“DAX 30: Stage is Set for a New All-Time High” was published on October 3rd, 2016. While the German benchmark index was trading close to 10 530, Elliott Wave analysis of its monthly chart made us believe the bulls are going to succeed at lifting it above 12 400 in the months ahead. That was over a month before the so-called “Trump rally”, which proves that Ralph Nelson Elliott was right when he said that “the habit of the market is to anticipate, not to follow.”
That is how the German DAX 30 looked like eight months ago. The logic behind the bullish outlook was simple: trends tend to develop in the form of a five-wave pattern, called an impulse. Since the fifth wave – V – of the post-March 2009 uptrend was missing, we assumed the bulls were not done just yet. In 99 out of 100 times, the fifth wave would exceed the extreme of the third wave of the same pattern. Therefore, the DAX 30 was supposed to rise to a new all-time high.

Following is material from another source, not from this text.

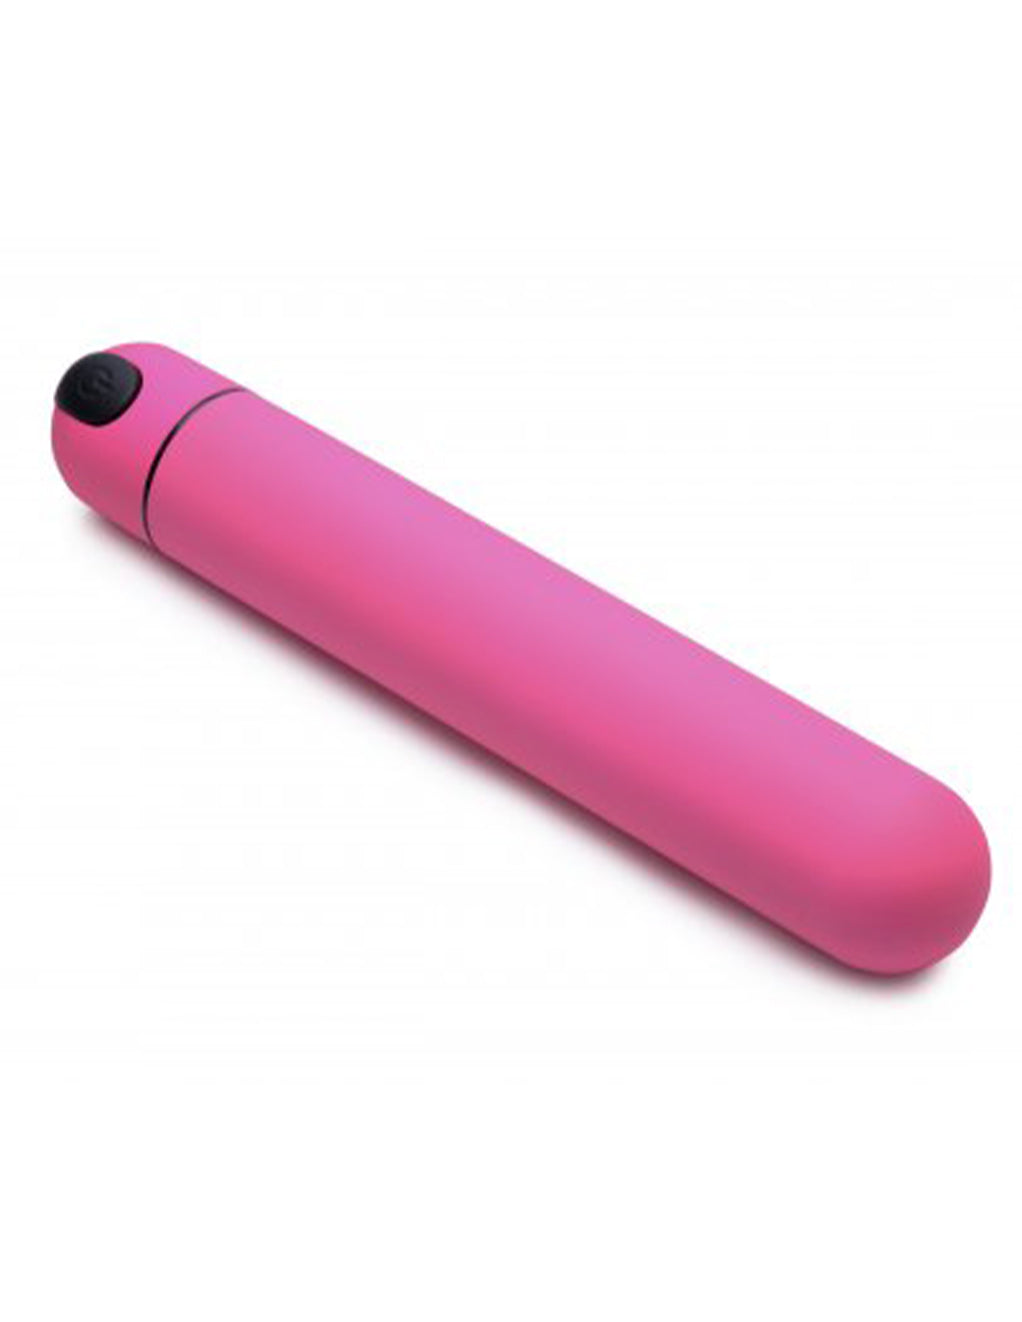 Bang! XL Bullet Vibrator- Pink- Side Angle
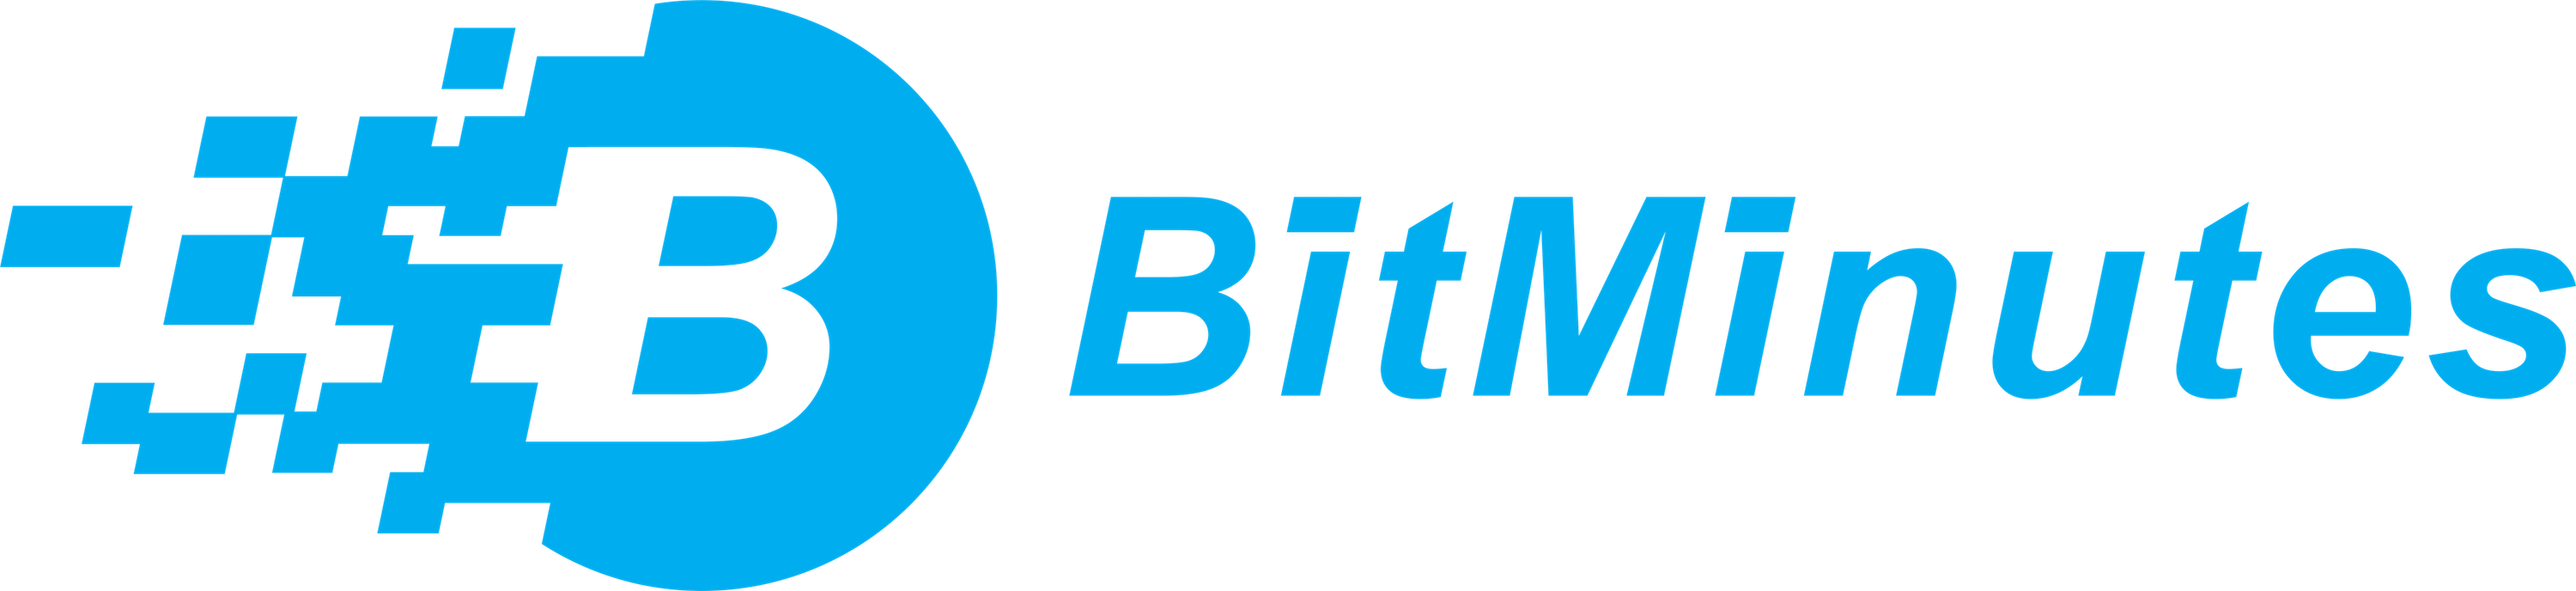 BitMinutes Logo

On May 16th, 2017, it climbed to as high as 12 841, which is exactly 444 points higher than the top of wave III. Well done, now what? According to the theory, every impulse is followed by a correction of three waves in the opposite direction, which normally retraces back to the termination area of the fourth wave. This means that once wave V ends somewhere between 13 000 and 14 000, the bears should return to cause a 30%-35% pullback in the German blue chip index. From a technical standpoint, it is too late to buy and too early to short, so staying aside appears to be the best thing to do.